**Given material**
· · · · · · ·

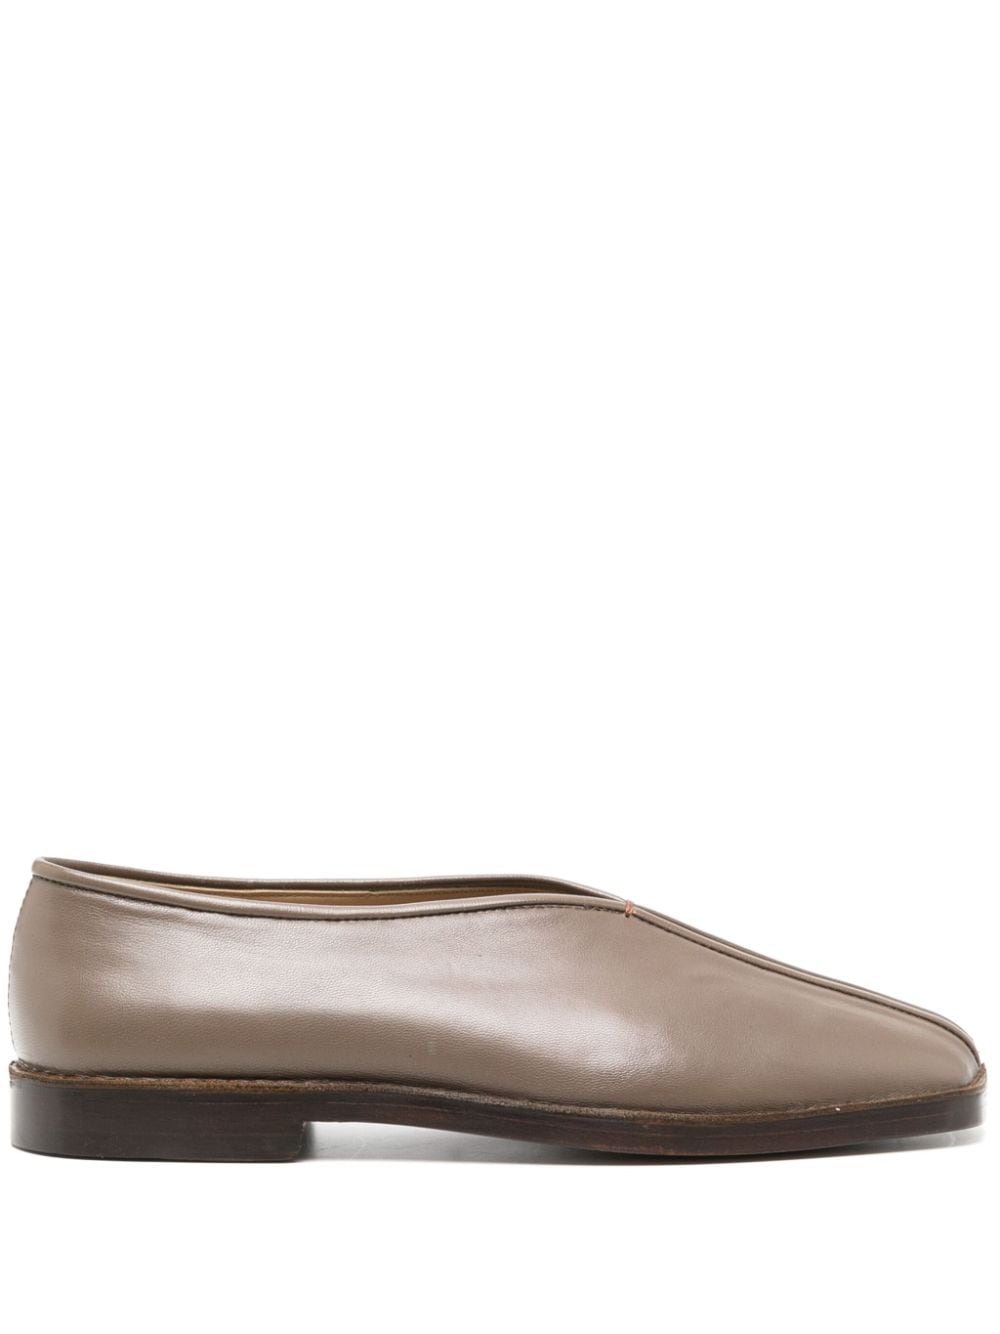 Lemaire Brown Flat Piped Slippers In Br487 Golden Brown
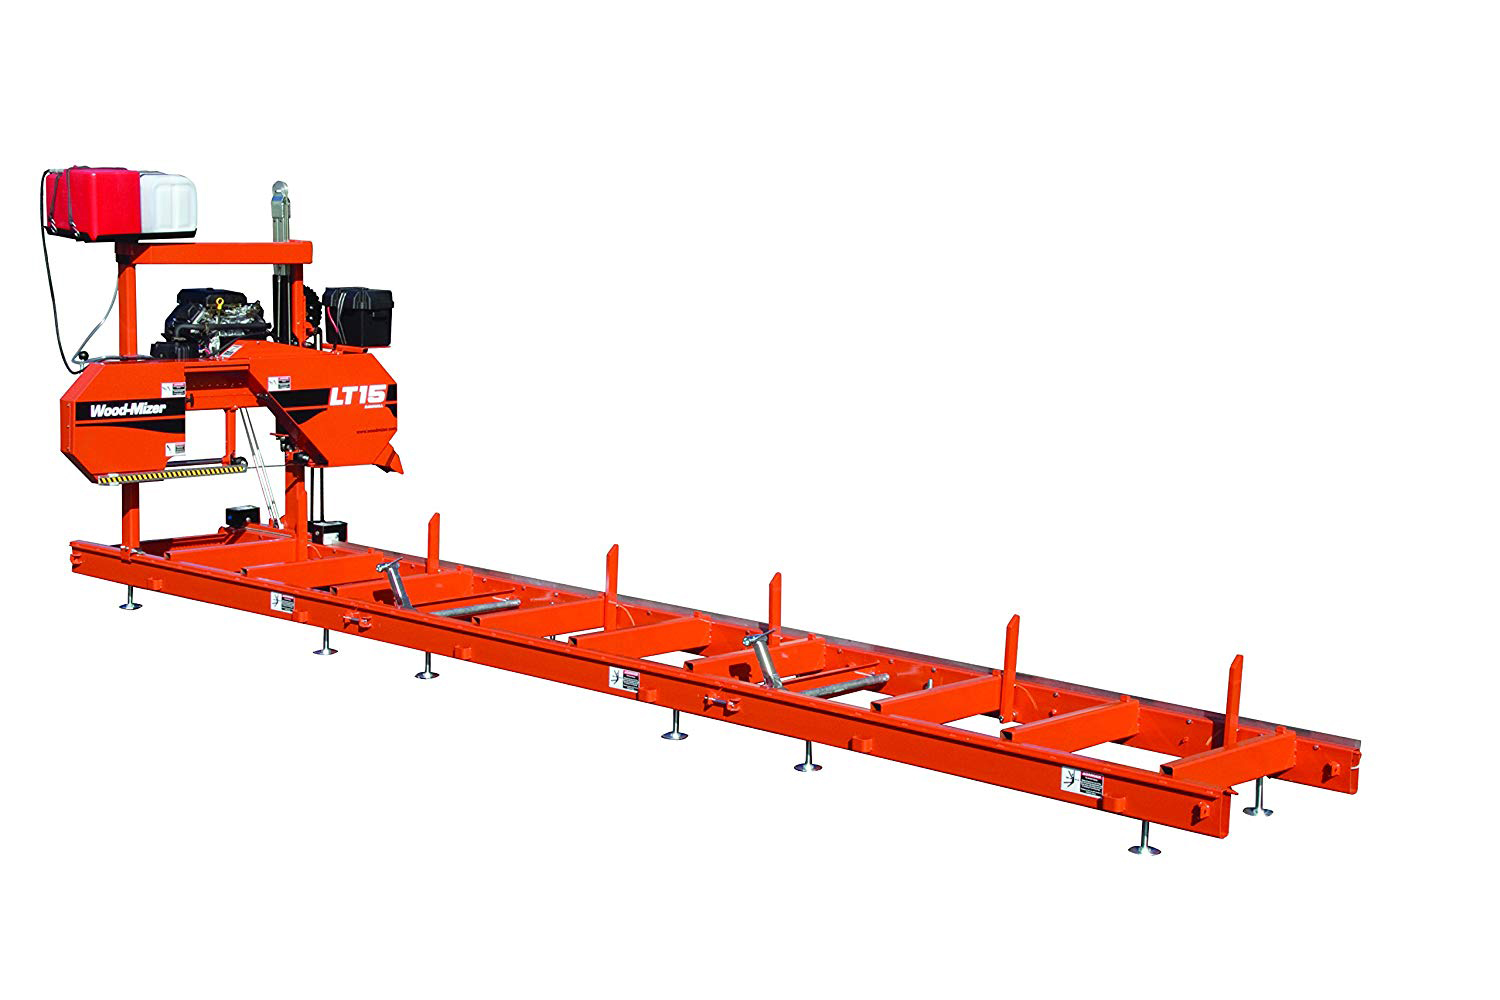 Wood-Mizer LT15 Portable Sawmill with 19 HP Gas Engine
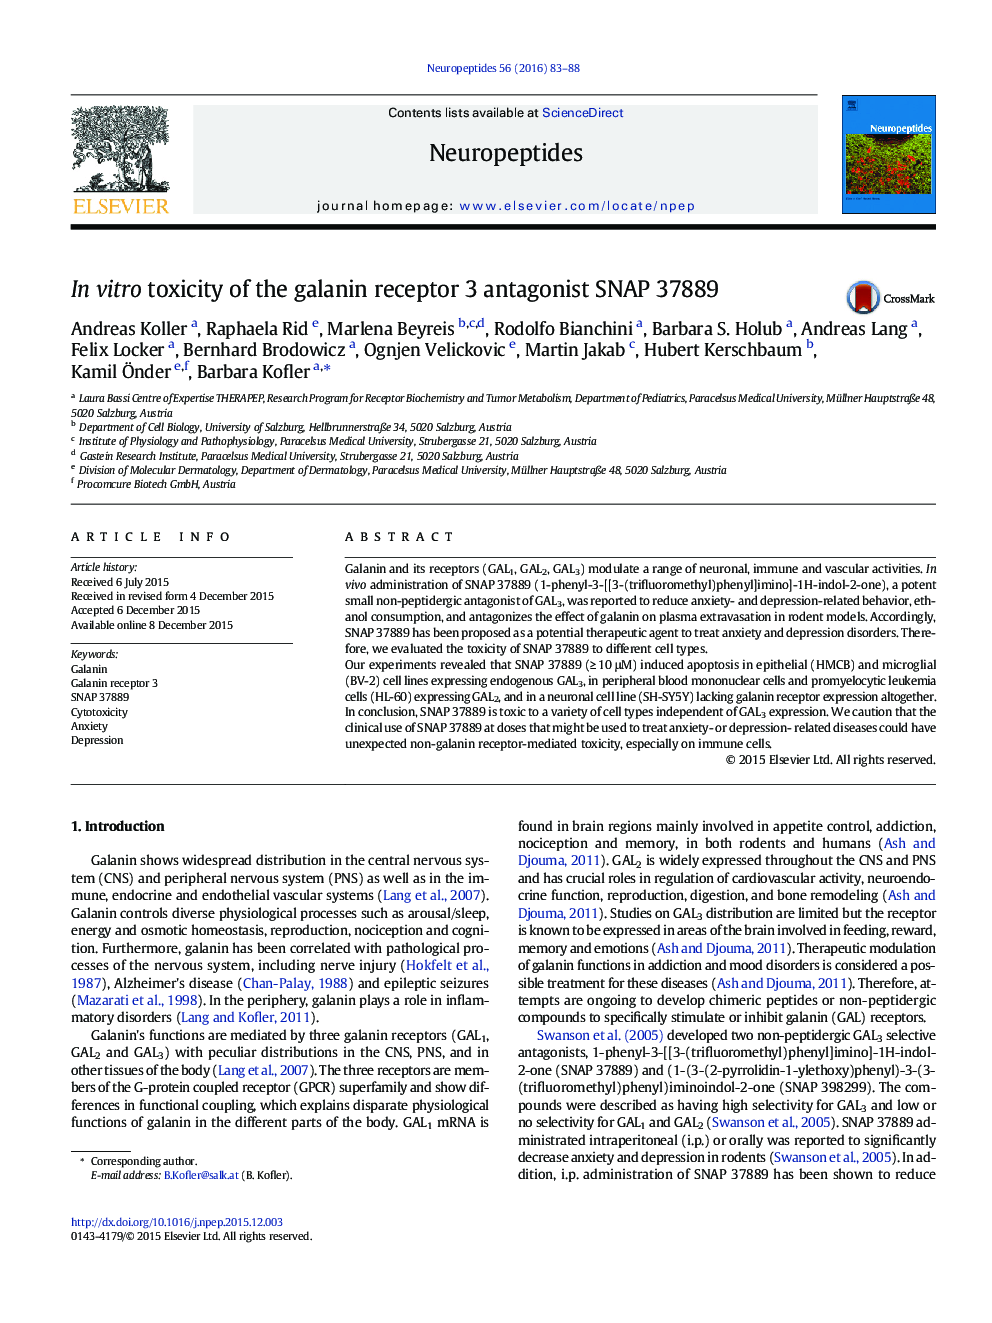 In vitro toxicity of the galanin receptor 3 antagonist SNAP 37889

· · · · · · ·

**Exercise objective**
The whole listing is to be written out exactly; the pictures stay out of the copy.

**Exercise output**
 Lemaire Brown Flat Piped Slippers In Br487 Golden Brown
 Wood-Mizer LT15 Portable Sawmill with 19 HP Gas Engine
 In vitro toxicity of the galanin receptor 3 antagonist SNAP 37889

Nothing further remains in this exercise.